Section 3. Other Business Relationships.

(a) You understand that JPMorgan and its affiliates (collectively, “Morgan”) comprise a full service securities firm and a commercial bank engaged in securities trading and brokerage activities, as well as providing investment banking, asset management, financing, and financial advisory services and other commercial and investment banking products and services to a wide range of corporations and individuals.  In the ordinary course of our trading, brokerage, asset management, and financing activities, Morgan may at any time hold long or short positions, and may trade or otherwise effect transactions, for our own account or the accounts of customers, in debt or equity securities or senior loans of the Company or any other company that may be involved in any transaction with the Company. Morgan recognizes its responsibility for compliance with federal securities laws in connection with such activities.

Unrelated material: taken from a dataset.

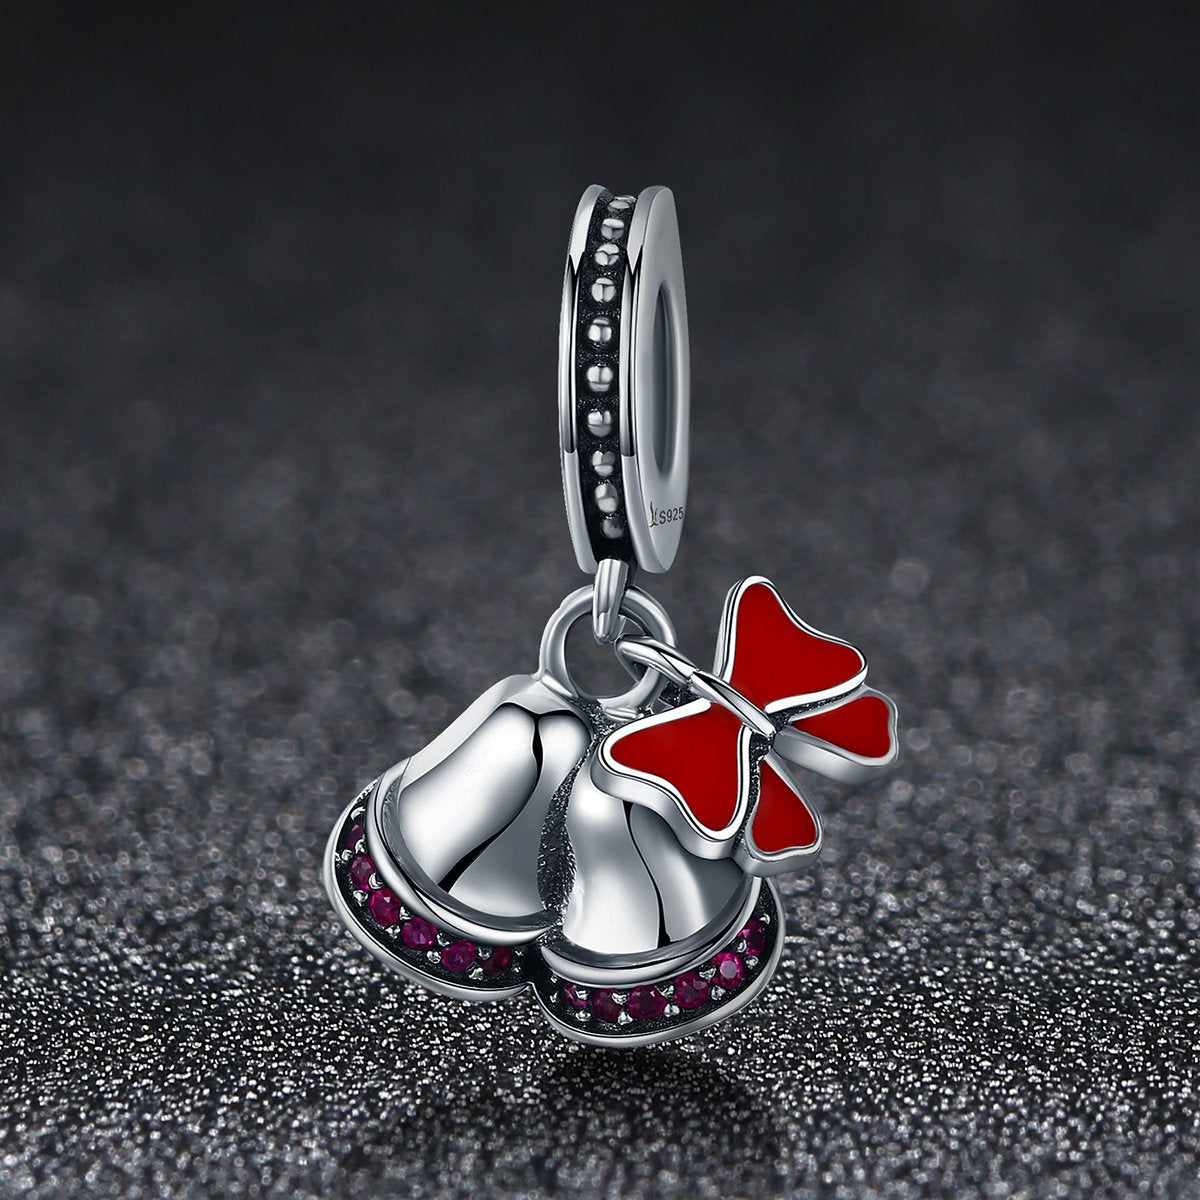 Sterling 925 silver charm the double bells bead pendant fits Pandora charm and European charm bracelet Xaxe.com

(b) In addition, Morgan may have and may in the future have investment and commercial banking, trust and other relationships with parties other than the Company, which parties may have interests with respect to the Company or a transaction with the Company or any other party thereto. Without limiting the foregoing, the Company acknowledges that, in agreeing to provide the advisory services contemplated by the Agreement, JPMorgan reserves the right of Morgan to pursue opportunities to arrange and/or provide new financing to other potential parties to a transaction with the Company specifically in connection with such transaction.  Notwithstanding anything contained herein, Morgan shall not act as M&A financial advisor to any party (other than the Company) in connection with any such transaction with the Company during the term of the Agreement. Although Morgan in the course of such other relationships may acquire information about any such transaction or such other parties, Morgan shall have no obligation to disclose such information, or the fact that Morgan is in possession of such information, to the Company or to use such information on the Company’s behalf.  Furthermore Morgan may have fiduciary or other relationships whereby Morgan may exercise voting power over securities of various persons, which securities may from time to time include securities of the Company or others with interests with respect to a transaction with the Company. The Company acknowledges that Morgan may exercise such powers and otherwise perform its functions in connection with such fiduciary or other relationships without regard to its relationship to the Company hereunder.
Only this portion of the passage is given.